Library for Korean morpheme and word vector representation.
For training,
- Python 3
- Tensorflow
- numpy, scipy
- Konlpy (Twitter)
For test and visualization,
- gensim
- sklearn
- matplotlib
In order to learn morpheme vectors, do:
$ python3 train.py <input_corpus>
<input_corpus> format : one sentence = one line
$ python3 train.py -h
usage: train.py [-h] [--embedding_size EMBEDDING_SIZE]
[--window_size WINDOW_SIZE] [--min_count MIN_COUNT]
[--num_sampled NUM_SAMPLED] [--learning_rate LEARNING_RATE]
[--sampling_rate SAMPLING_RATE] [--epochs EPOCHS]
[--batch_size BATCH_SIZE]
input
positional arguments:
input input text file for training: one sentence per line
optional arguments:
-h, --help show this help message and exit
--embedding_size EMBEDDING_SIZE
embedding vector size (default=150)
--window_size WINDOW_SIZE
window size (default=5)
--min_count MIN_COUNT
minimal number of word occurences (default=5)
--num_sampled NUM_SAMPLED
number of negatives sampled (default=50)
--learning_rate LEARNING_RATE
learning rate (default=1.0)
--sampling_rate SAMPLING_RATE
rate for subsampling frequent words (default=0.0001)
--epochs EPOCHS number of epochs (default=3)
--batch_size BATCH_SIZE
batch size (default=150)
$ python3
>>>> from gensim.models.keyedvectors import KeyedVectors
>>>> pos_vectors = KeyedVectors.load_word2vec_format('pos.vec', binary=False)
>>>> pos_vectors.most_similar("('대통령','Noun')")
A word vector is defined by sum of its morphemes' vectors.
$ python3
>>>> from konlpy.tag import Twitter
>>>> import numpy as np
>>>> twitter = Twitter()
>>>> word = "대통령이"
>>>> pos_list = twitter.pos(word, norm=True)
>>>> word_vector = np.sum([pos_vectors.word_vec(str(pos).replace(" ", "")) for pos in pos_list], axis=0)
- Word Similarity Test : Translated WordSim 353 Dataset into Korean.
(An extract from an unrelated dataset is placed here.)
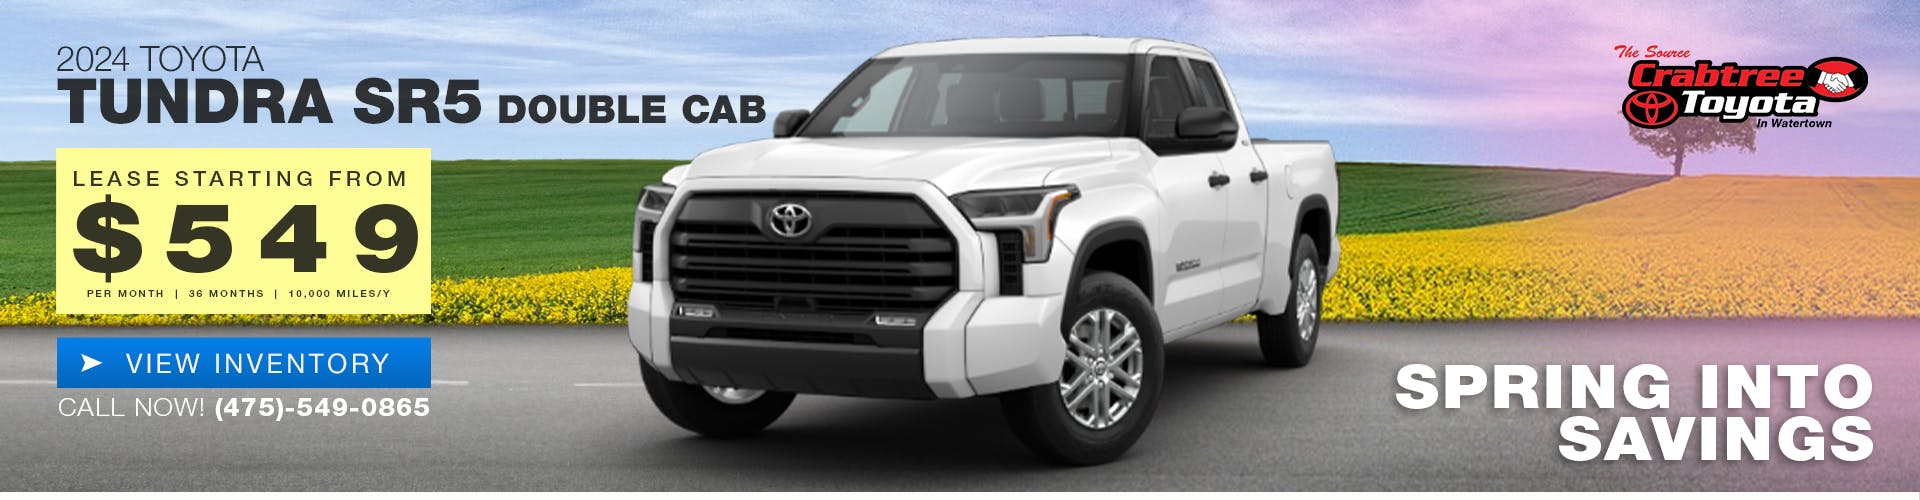 TOYOTA TUNDRA SR5 Double Cab Standard Bed LEASE OFFER

Translation ambiguous words were excluded.
- WordSim 353 Dataset : http://www.cs.technion.ac.il/~gabr/resources/data/wordsim353/wordsim353.html
- Word Analogy Test : Created Semantic Pair 420 questions + Syntactic Pair 840 questions.
Word similarity test using kor_ws353.csv.
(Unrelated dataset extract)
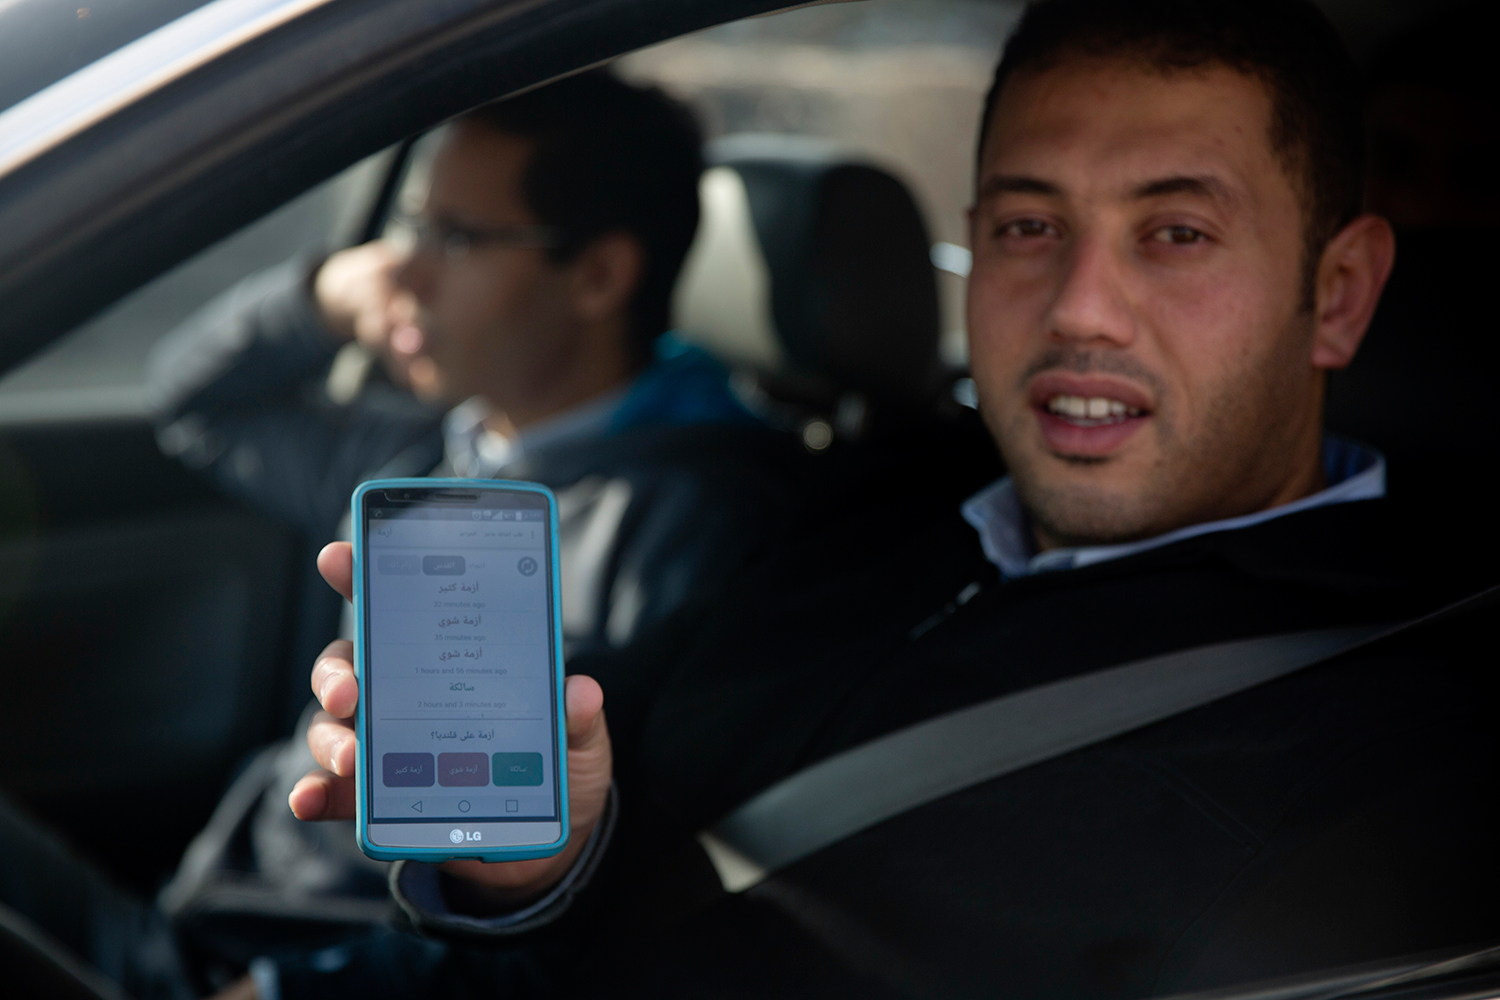 The apps that help Palestinians avoid Israeli checkpoints

$ python3 test/similarity_test.py pos.vec
Word analogy test using kor_analogy_semantic.txt.
$ python3 test/analogy_test.py pos.vec
Visualize the learned embeddings on two dimensional space using PCA.
$ python3 test/visualization.py pos.vec --words 밥 밥을 물 물을
Morpheme vectors are trained on Naver news corpus (218M tokens) using our model. You can download pre-trained morpheme vectors here : http://mmlab.snu.ac.kr/~djlee/pos.vec
$ python3
>>>> from gensim.models.keyedvectors import KeyedVectors
>>>> pos_vectors = KeyedVectors.load_word2vec_format('pos.vec', binary=False)
>>>> pos_vectors.most_similar("('대통령','Noun')")
>>>> pos_vectors.most_similar(positive=["('도쿄','Noun')", "('프랑스','Noun')"], negative=["('일본','Noun')"])